In the first month of using Device Health, we were able to enhance worldwide productivity and improve the user experience by eliminating thousands of blue-screen crashes. Device Health showed which third-party device driver was triggering crashes, showed which devices were affected, and revealed a better-performing version we could deploy—saving us about 3,000 hours of employee productivity per month. (Details are in the Device Reliability section.)
Our inventory and management tools were very good at collecting data about devices, drivers, and applications, but until we started using Device Health it was difficult and time-consuming to weed through the data and learn what was going on with the devices in our environment. Our reaction times were constrained by the amount of time it took to find out if an issue was part of a trend and to identify commonalities of the devices experiencing the issue.
We looked at issues that were coming in through help-desk support calls, but we did not have all the information we needed to recognize the scope or cause of many issues, including the number of people experiencing a problem. Too often, only a small percentage of users contact the help desk to report that they are having recurrent crashes; most users simply reboot and don’t call the help desk.
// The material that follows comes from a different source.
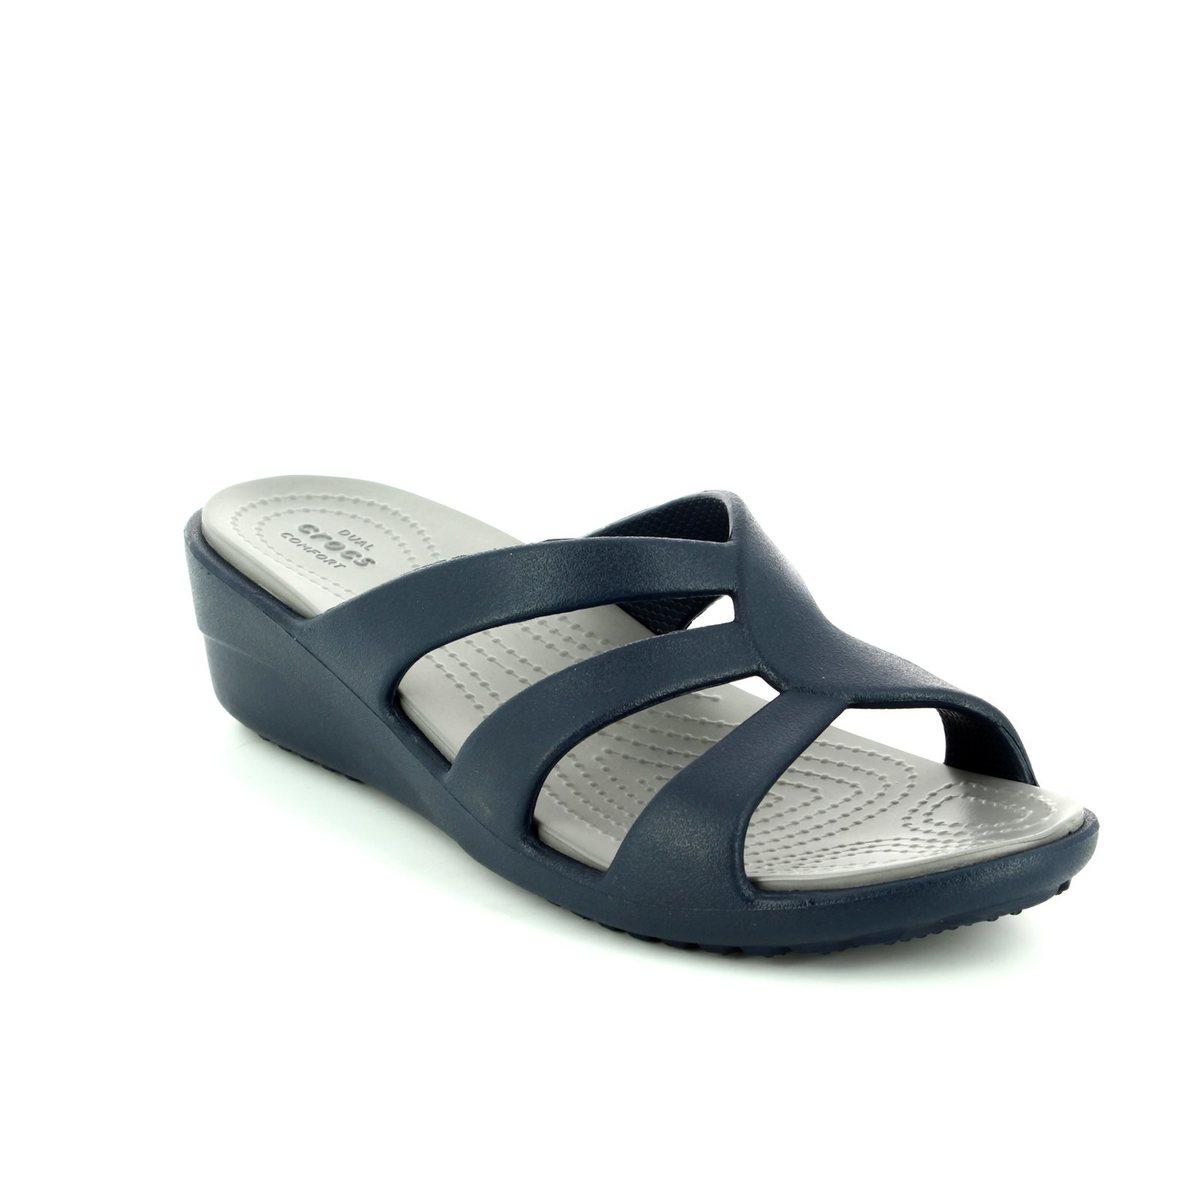 a632ff62c869 Crocs sandals navy u sanrah strappy jpg 1200x1200 Crocs sanrah

We can now see crashes before employees contact the help desk (and even when they never inform the help desk). We can see when a driver started causing crashes, which version of the driver caused the crashes, and we can identify the root error code. We can see which of our core applications are running well and which versions are causing crashes and hangs for our employees. We use that information to address classes of issues for all our users instead of responding to each issue.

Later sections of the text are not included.